Praiseworthy is Noy’s overview of the types of foreign groups residing in the capital. Despite its appearance at the end of the work, this section is the most comprehensive for our understanding the composition of Rome’s foreign population. Noy organizes the evidence according to geographic region (e.g., Gaul and Hispania, Central and Eastern Europe, Greece, etc.). Within each section, Noy examines the reasons for migration within a historical context, whether or not individuals established a distinct cultural community as shown by civic or religious institutions, and how individuals referred to their homelands in epitaphs or dedicatory inscriptions. What becomes evident is that Noy’s Rome is one filled with a rich and vibrant foreign community, a feature often overlooked in much of the secondary literature dealing with the city of Rome.

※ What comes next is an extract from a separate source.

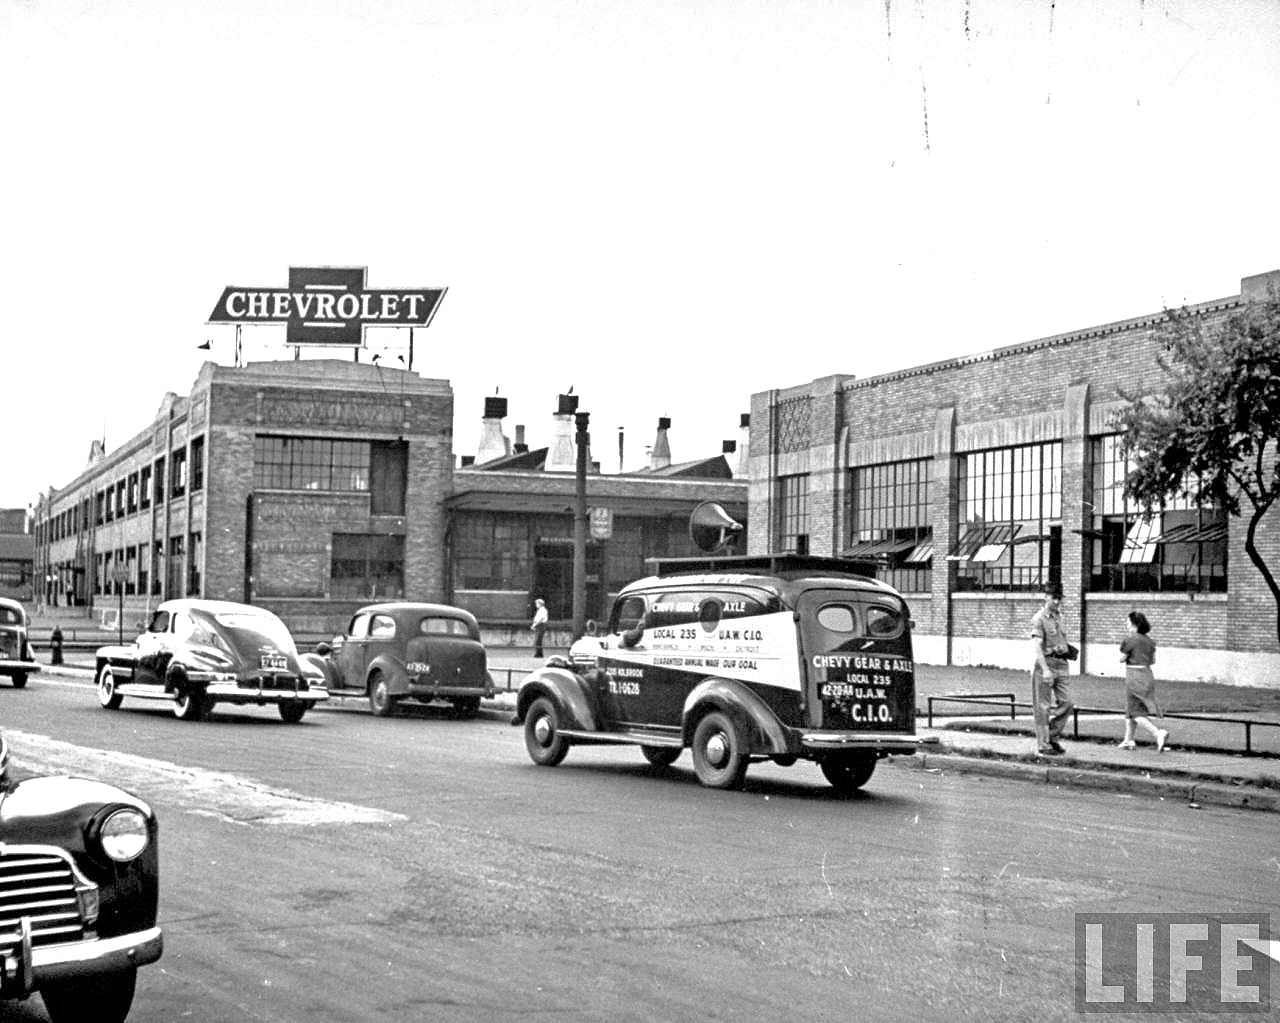 Detroit car makers produce for World War II (1942)

Bibliographic references related to the study of Roman family and freed slaves are minimal in this work. The reviewer concurs with Noy’s claim that contemporary scholars rarely make reference to foreigners in their accounts; however, there are a few places where references, insubstantial as they might be, would have served to strengthen Noy’s points.6 For example, Noy frequently mentions foreign freed slaves, yet Susan Treggiari’s influential work, Roman Freedmen during the Late Republic (Oxford 1969) and A.M. Duff’s, Freedmen in the Early Roman Empire (Oxford 1928) do not appear in the bibliography.

Despite Noy’s modest assertion that the evidence presented can by no means tell everything there is to know about foreigners in the city of Rome, he has done an admirable and erudite job of assembling the material at hand to inform his readers about the foreign inhabitants of Rome, the motivating factors for their arrival, and their contributions. The author has brought a new dimension to the city of Rome by revealing the rich and diverse cultural heritage that played a formidable role in the life of the city. This study will offer a very good foundation, moreover, for examining the foreign element in Italian municipalities and colonies found in Italy as well as in the provinces.

Notes

1. Adolf Berger, Encyclopedic Dictionary of Roman Law (Philadelphia 1953), s.v. peregrinus. Hereafter, EDRL; Jane Gardner, Being a Roman Citizen (London and New York 1993), 186-188; A.N. Sherwin White, The Roman Citizenship, 2nd ed. (Oxford 1973), 268-269

2. EDRL, s.v., ius gentium.

3. D. 50.15.190; EDRL, s.v., provincialis.

4. The bibliography on Roman family is extensive to say the least. Two more recent works include Beryl Rawson and Paul Weaver (eds.), The Roman Family in Italy: Status, Sentiment, Space (Oxford 1997); Jane Gardner, Family and Familia in Roman Law and Life (Oxford 1998).

5. See Cynthia J. Bannon, The Brothers of Romulus: Fraternal Pietas in Roman Law, Literature and Society (Princeton 1997), 138-148.

6. For a reference to children who are peregrini, see Paul Gallivan and Peter Wilkins, “Familial Structures in Roman Italy: A Regional Approach,” in Rawson and Weaver, The Roman Family, 239-279.